Blue Latitudes/Boldly Going Where Captain Cook Has Gone Before
- First edition
- Author: Tony Horwitz
- Language: English
- Subject: James Cook
- Genre: Travel and History
- Publisher: Henry Holt and Company
- Publication date: 2002
- Media type: Hardcover, Paperback, Audiobook, E-Book
- Pages: 480
- ISBN: 978-0-312-42260-8

= Blue Latitudes =

Travel book by Tony Horwitz

Blue Latitudes: Boldly Going Where Captain Cook Has Gone Before (United States), or Into the Blue: Boldly Going Where Captain Cook Has Gone Before (Australia), is a travel book by Tony Horwitz, published in 2002.

In it, the Pulitzer Prize–winning journalist travels to various parts of the world, following in the footsteps of explorer James Cook.
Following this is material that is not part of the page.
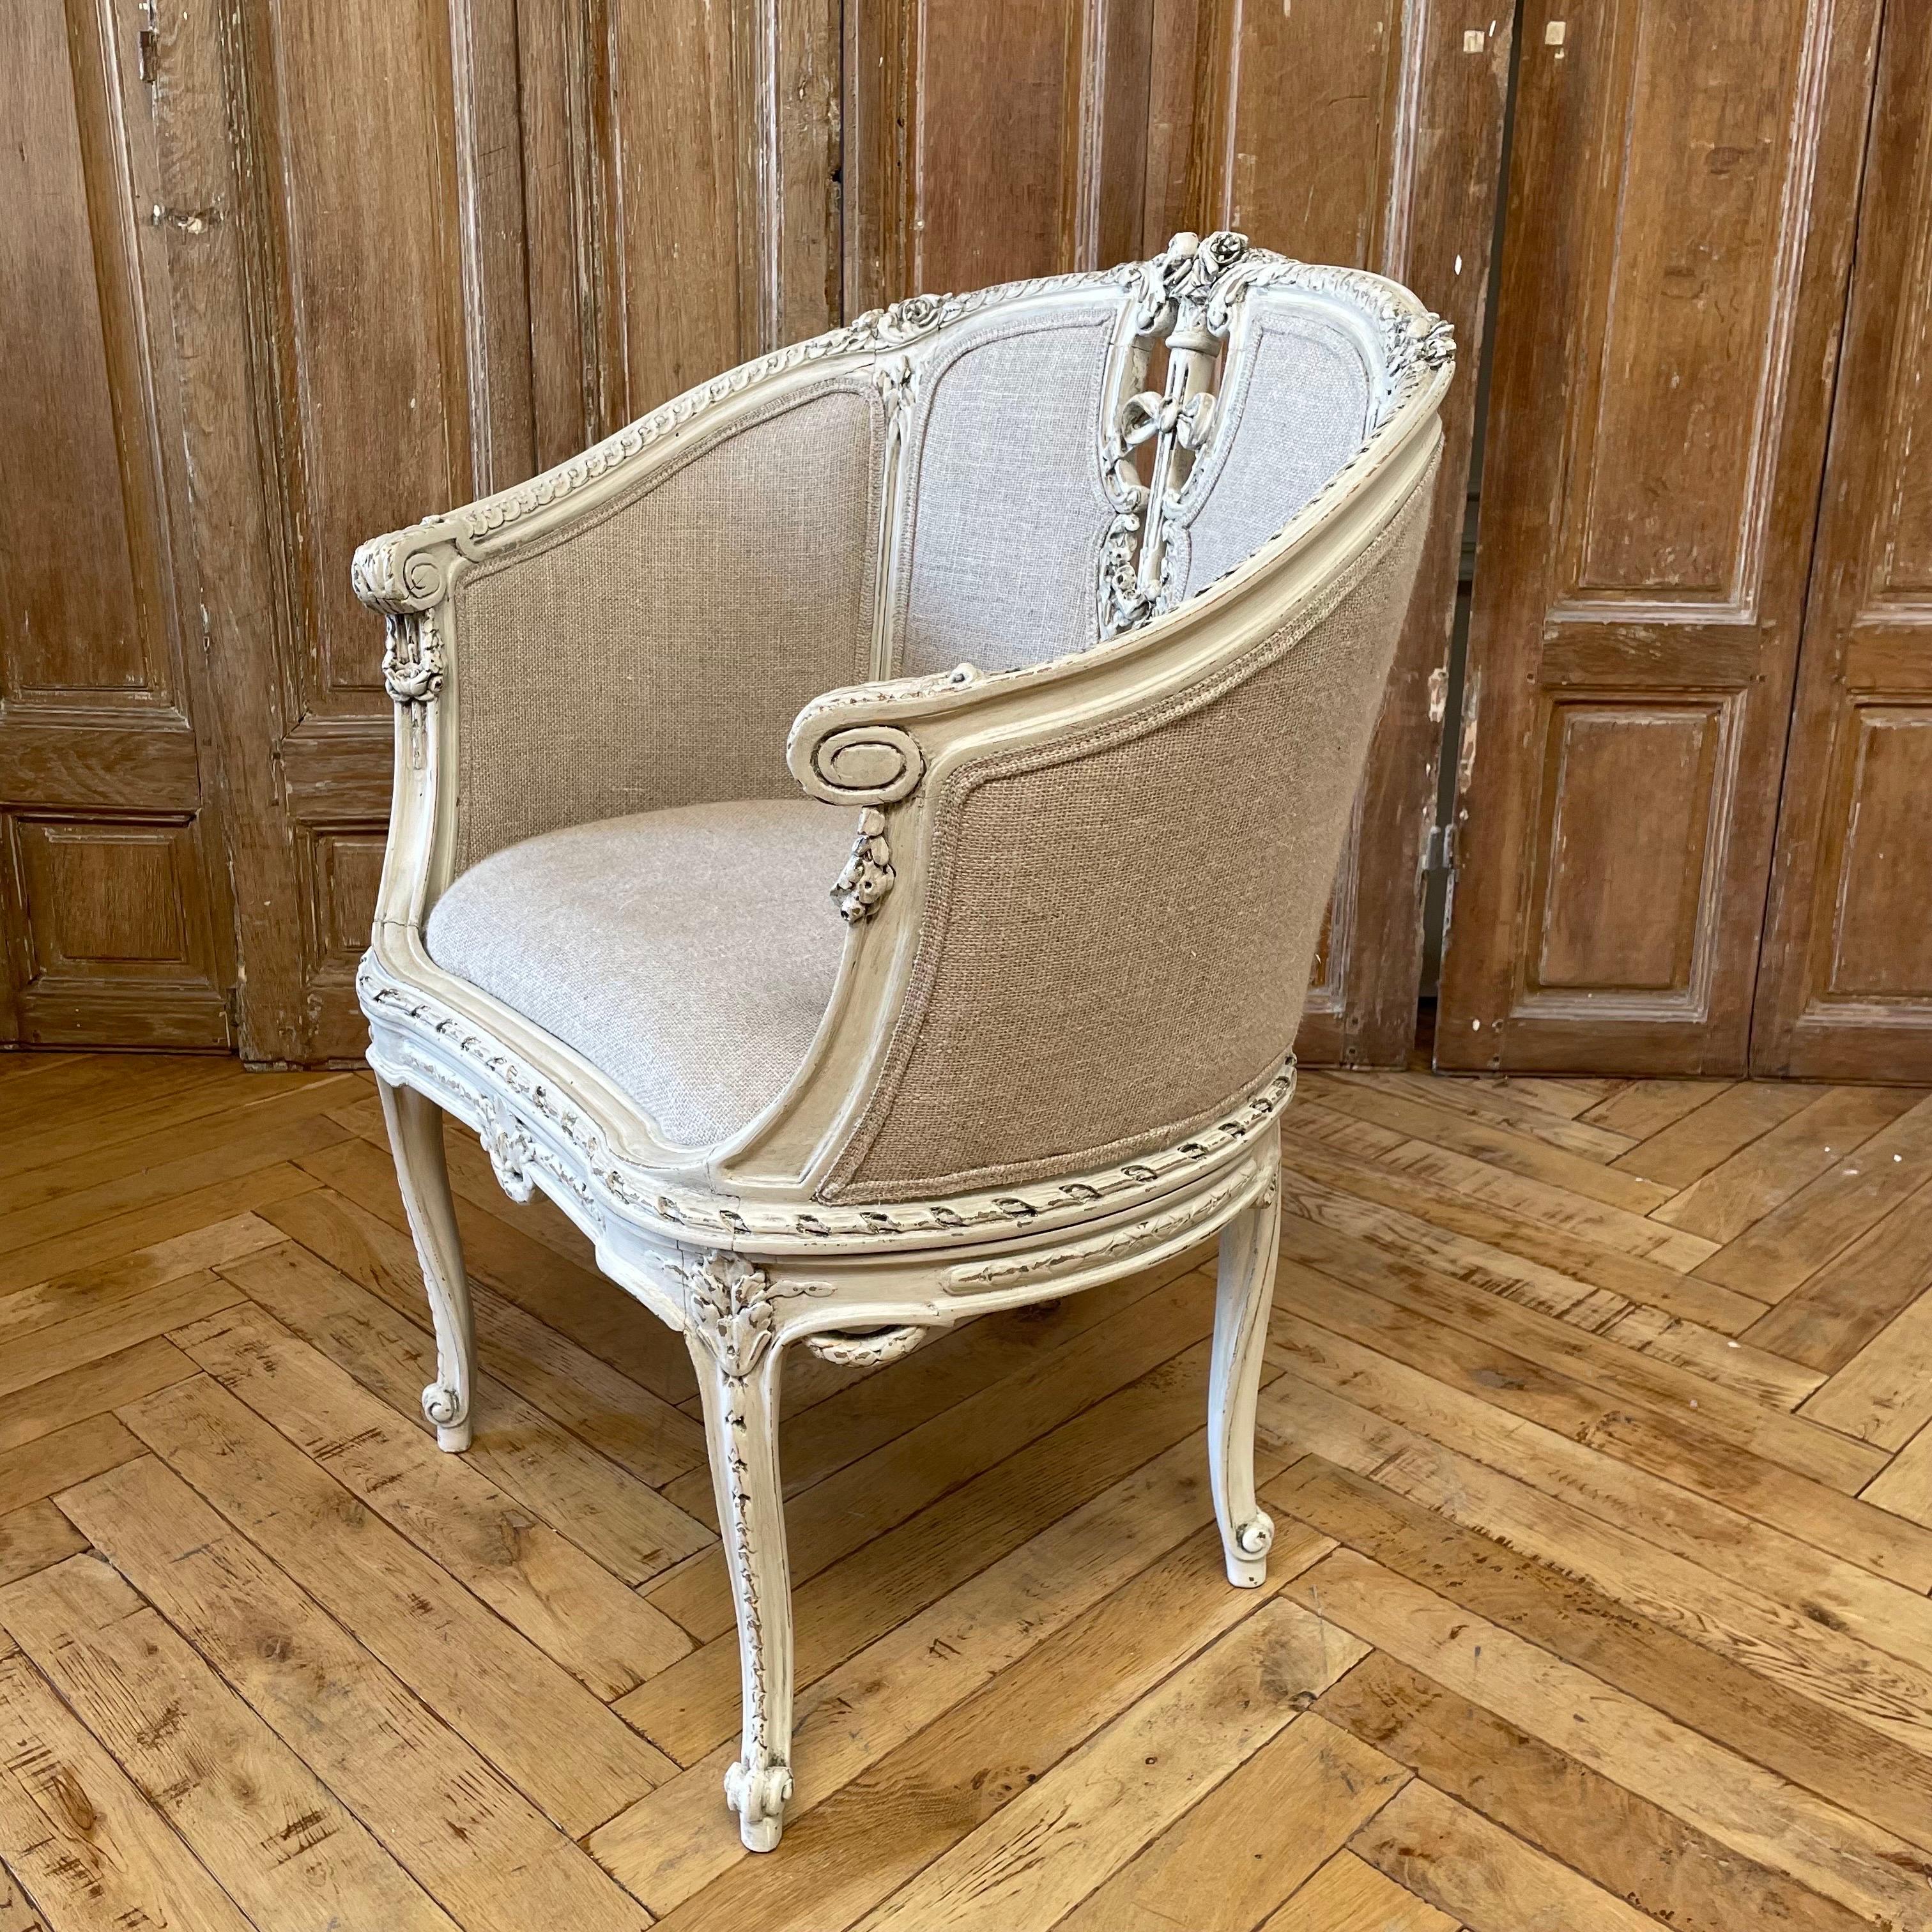 Custom Painted and Upholstered Louis XV style barrel chair.  Finished in our antique oyster white with subtle distressed edges and antique glazed patina.  Upholstered in our Irish Linen / flax color with burlap style weave. 
Solid and sturdy, ready

The book compares the current conditions of the places Cook visited to what Cook documented at the time, and describes the different legacies Cook has left behind.

Horwitz begins with his experience as a volunteer deckhand on the replica of HM Bark Endeavour. Some of the places Horwitz visits in his travels include Australia, the small island nation of Niue, the Society Islands, Tonga, New Zealand, the birthplace and home of Cook in North Yorkshire England, Alaska, and Hawaii.